Тогда же намечается поворот в общественном сознании: взгляд на войну окрашивается критическими тонами, вообще характерными для перестроечной публицистики. На несколько лет растянулось осознание горбачевским руководством того факта, что введение войск в Афганистан было «политической ошибкой», и лишь в мае 1988 г. начался, а в феврале 1989 г. закончился их полный вывод.
Неслучайно восприятие Афганской войны самими ее участниками и теми, кто там не был, оказалось почти противоположным. Так, по данным социологического опроса, проведенного в декабре 1989 г. (участвовали около 15 тыс. человек, причем половина из них прошла Афганистан), присутствие наших военнослужащих в сопредельной стране оценили как «выполнение интернационального долга» 35 % опрошенных «афганцев» и лишь 10 % не воевавших респондентов. Как «дискредитацию понятия интернациональный долг» войну оценили 19 % «афганцев» и 30 % остальных опрошенных.

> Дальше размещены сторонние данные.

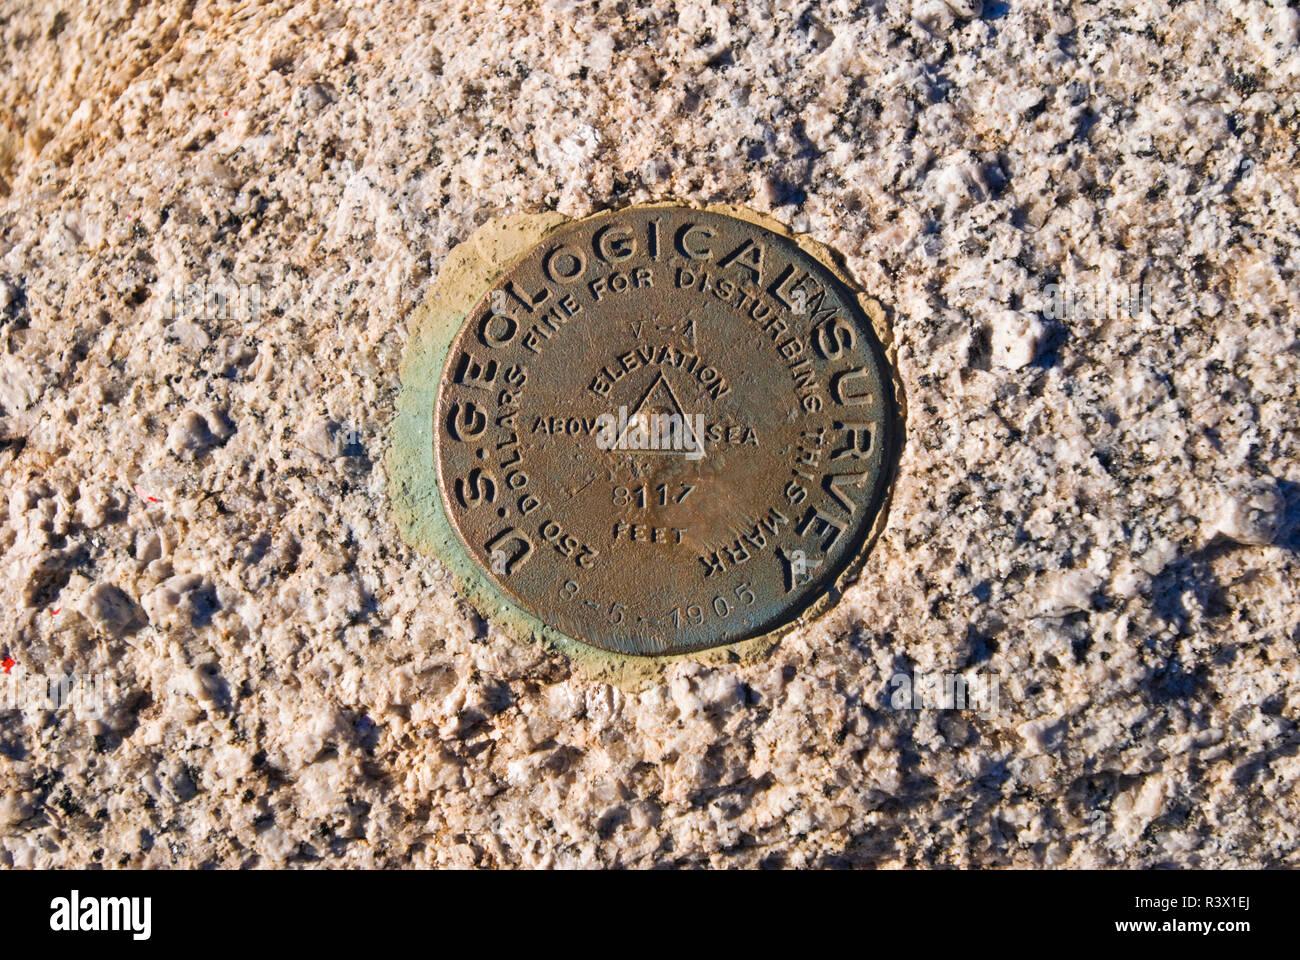 USGS survey marker on the summit of Sentinel Dome, Yosemite National Park, California, USA - Stock Image

Еще более показательны крайние оценки этих событий: как «наш позор» участие СССР в войне определили лишь 17 % «афганцев» — и 46 % других респондентов. 17 % «афганцев» заявили: «Горжусь этим!», тогда как из прочих аналогичную оценку событиям дали только 6 %.

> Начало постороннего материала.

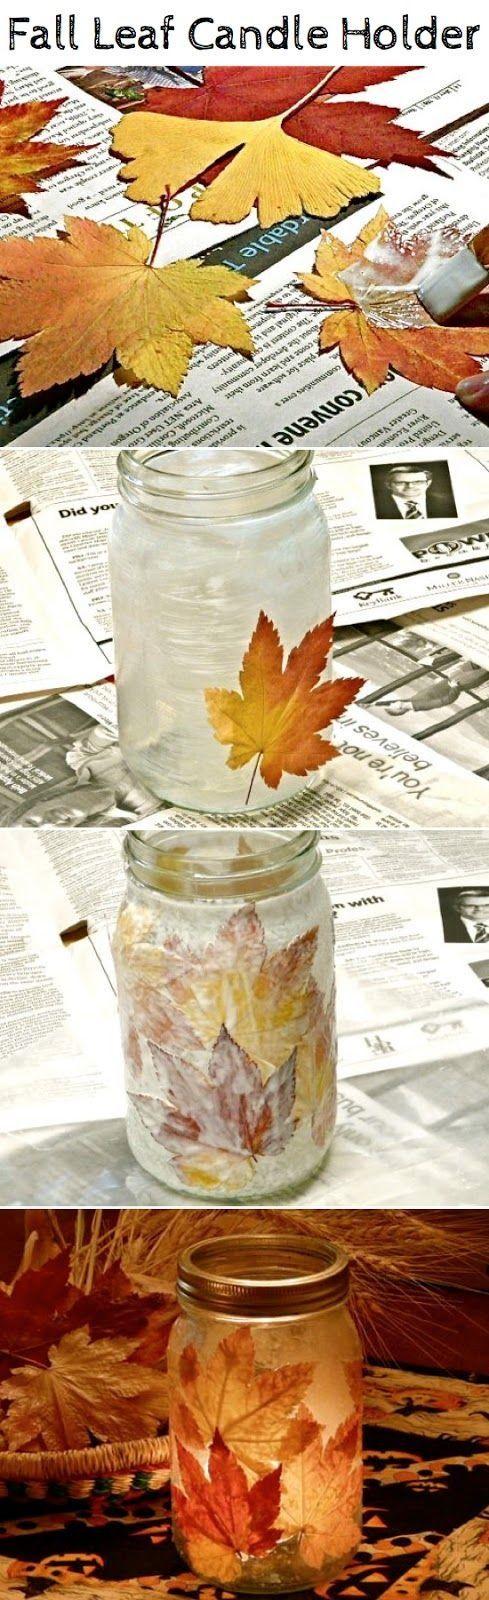 Fall Mason Jar Idea!

Особенно знаменательно, что оценка участия наших войск в Афганской войне как «тяжелого, но вынужденного шага» оказалась близка одинаковому количеству и участников событий, и остальных опрошенных — по 19 %. Таким образом, во взглядах на Афганскую войну у «мирных граждан» преобладали негативные оценки, а представители самогу «ограниченного контингента» были более склонны оправдывать свое участие в этих событиях.
Участники войны в Афганистане, объединенные общим для них фактом биографии, являются весьма неоднородной социальной категорией. Тем не менее, эта объединяющая их основа позволяет говорить об «афганцах» не только как об особой социально-психологической группе населения. Ведь для самих «афганцев» война была гораздо большим психологическим шоком, чем опосредованное ее восприятие всем обществом.
Для понимания социально-психологического состояния «афганцев» особое значение имеет категория афганского синдрома в узком его смысле. Это то, что на языке медиков называется посттравматическим стрессовым синдромом, а на языке самих ветеранов звучит так: «Еще не вышел из штопора войны».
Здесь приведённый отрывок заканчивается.